Beverages: A Programme That Takes Position

The drinks programme at Ăn Ði is sommelier-led and takes an explicit position: wine is the primary pairing vehicle, with sake and shochu offered as a deliberate secondary register. That hierarchy is itself a statement. Most Japanese fine dining rooms of this calibre default to sake as the anchor and wine as the supporting cast. Inverting that order signals that the kitchen is reading its own food as more aligned with European pairing logic than with the traditional Japanese framework, which makes sense given the French training background and the intensity of fermented fish sauce, lemongrass, and southern sugar that Vietnamese dishes carry. Acidic whites and skin-contact orange wines tend to cut through those flavour profiles in ways that can outperform the more delicate, umami-led sake pairings.

That said, the inclusion of sake and shochu is not decorative. Vietnamese cuisine's herb-forward, relatively low-fat profile creates pairing space for junmai and ginjo styles in ways that heavier, cream-sauce-driven European cuisine does not. A kitchen that has mapped Japan's four seasons onto Vietnamese structure has presumably thought about when sake makes better sense than Burgundy.

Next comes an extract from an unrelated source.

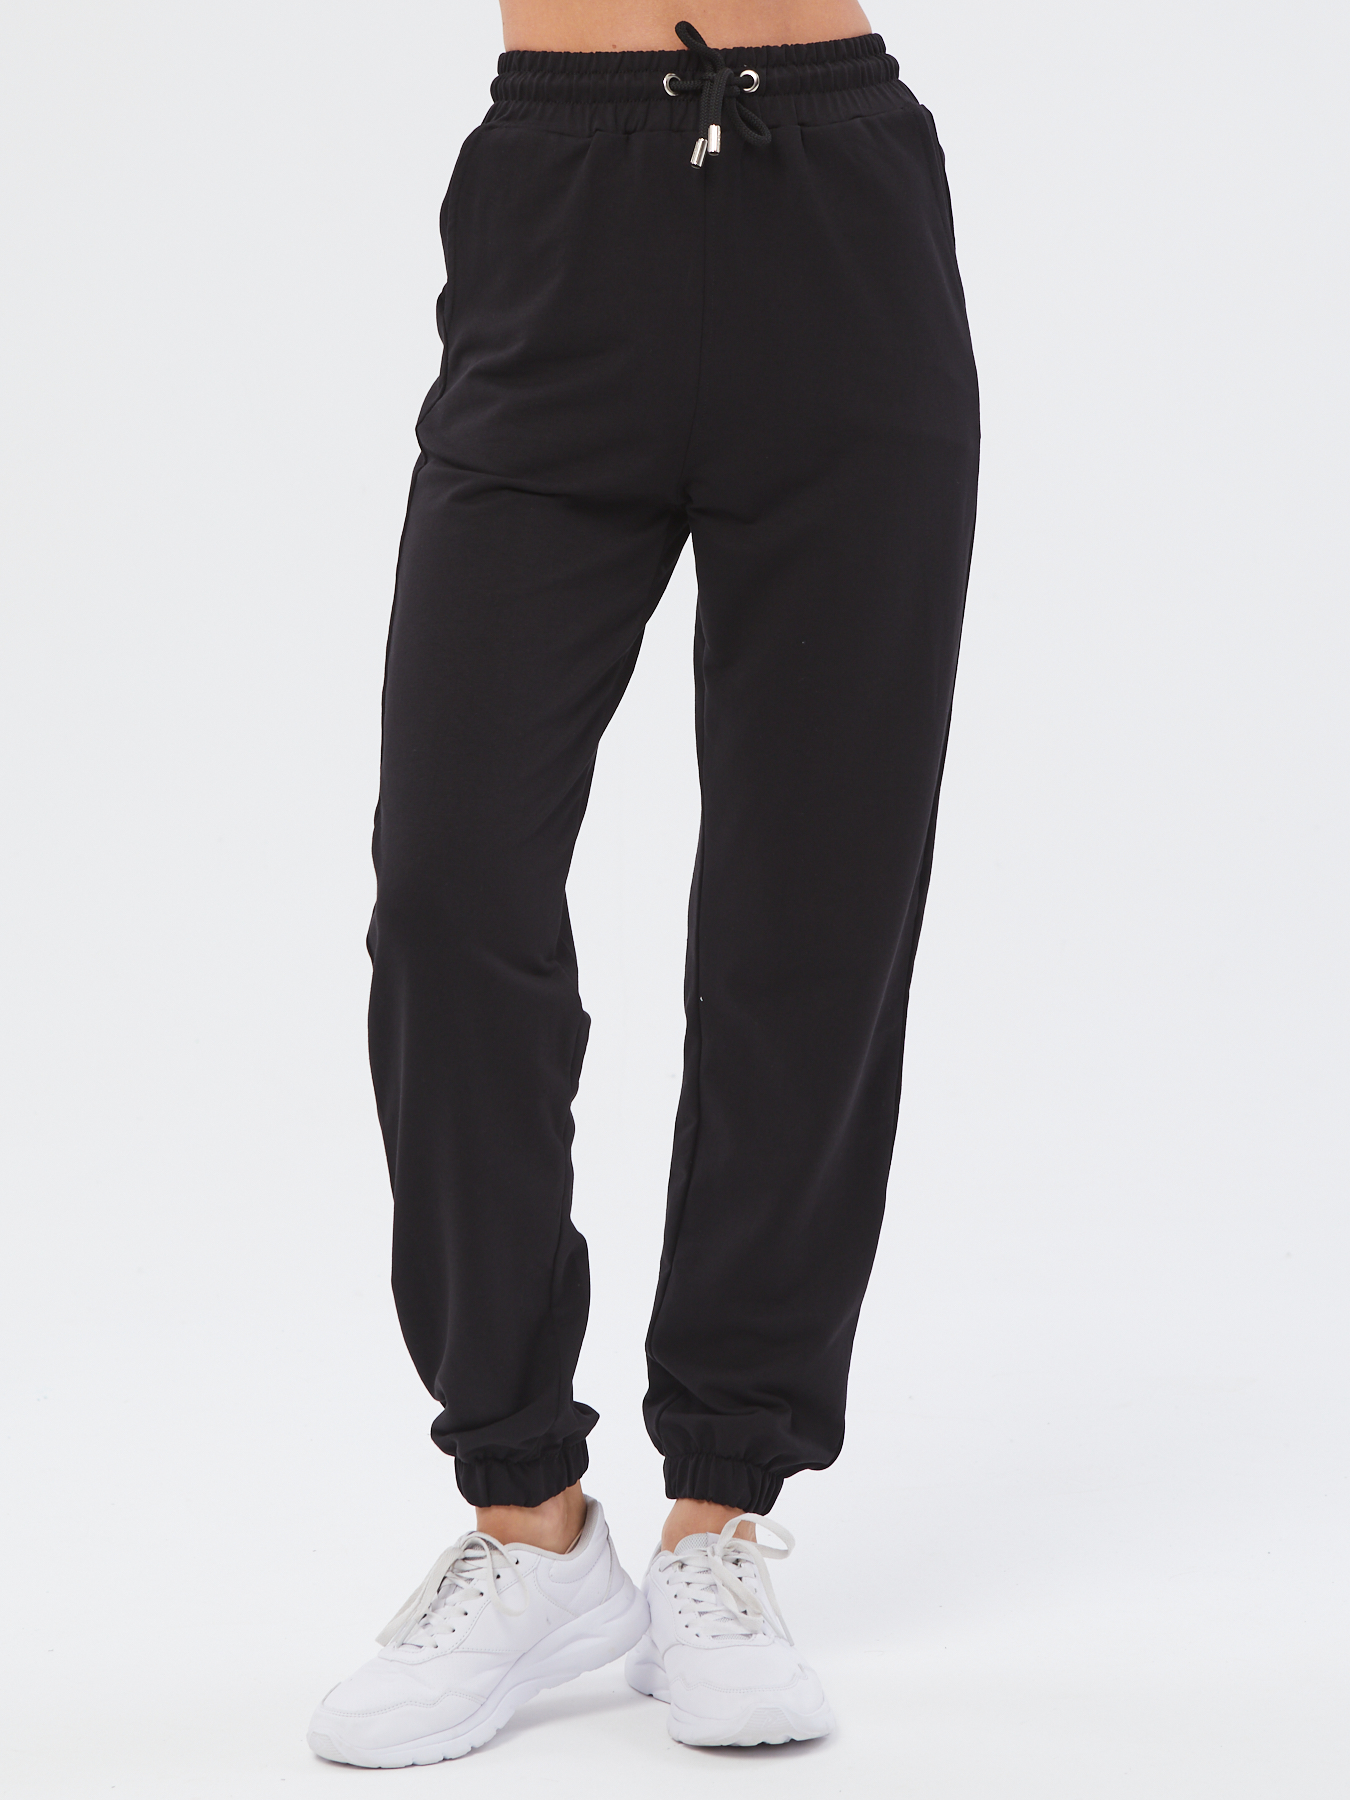 Спортивные брюки женские Still-expert б5 черные 48/165-180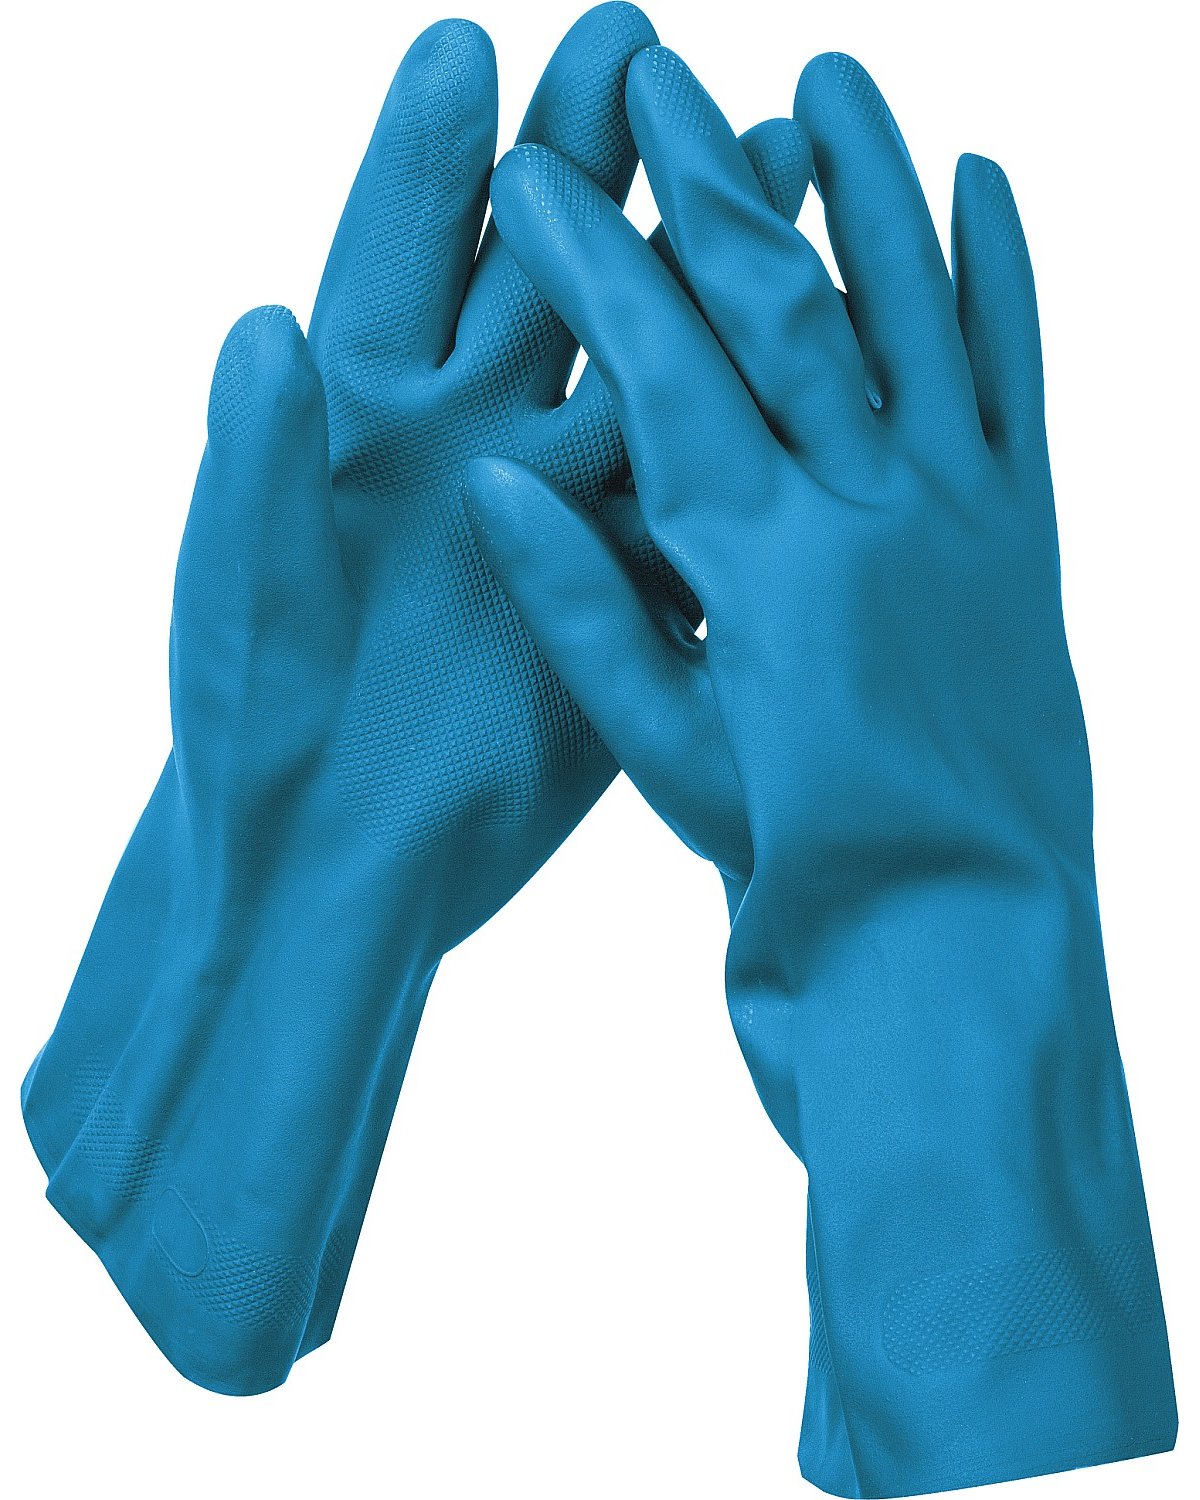 Латексные перчатки STAYER Dual Pro р. S хозяйственно-бытовые с неопреновым покрытием (11210-S_z01)Купить

Recognition and Where It Sits

Ăn Ði holds a Michelin Plate for both 2024 and 2025, a recognition that places it firmly in the considered-dining category without yet reaching the star tier. The Opinionated About Dining rankings provide a more granular picture: Highly Recommended in 2023, ranked 188th in Japan in 2024, and 289th in 2025. The movement between those two years deserves a note. OAD rankings reflect repeated diner visits, and year-on-year changes in a large market like Japan often track menu evolution or shifting reviewer attention rather than quality decline. The 2025 position still represents a top-300 ranking in one of the world's most competitive restaurant markets.

The We're Smart Green Guide recognition adds a separate dimension: Ăn Ði has been acknowledged for its plant-forward approach, a natural fit given Vietnamese cuisine's structural reliance on herbs, vegetables, and rice. The guide's note that fish and meat retain a significant presence reads as useful calibration for diners expecting a primarily vegetable-driven format.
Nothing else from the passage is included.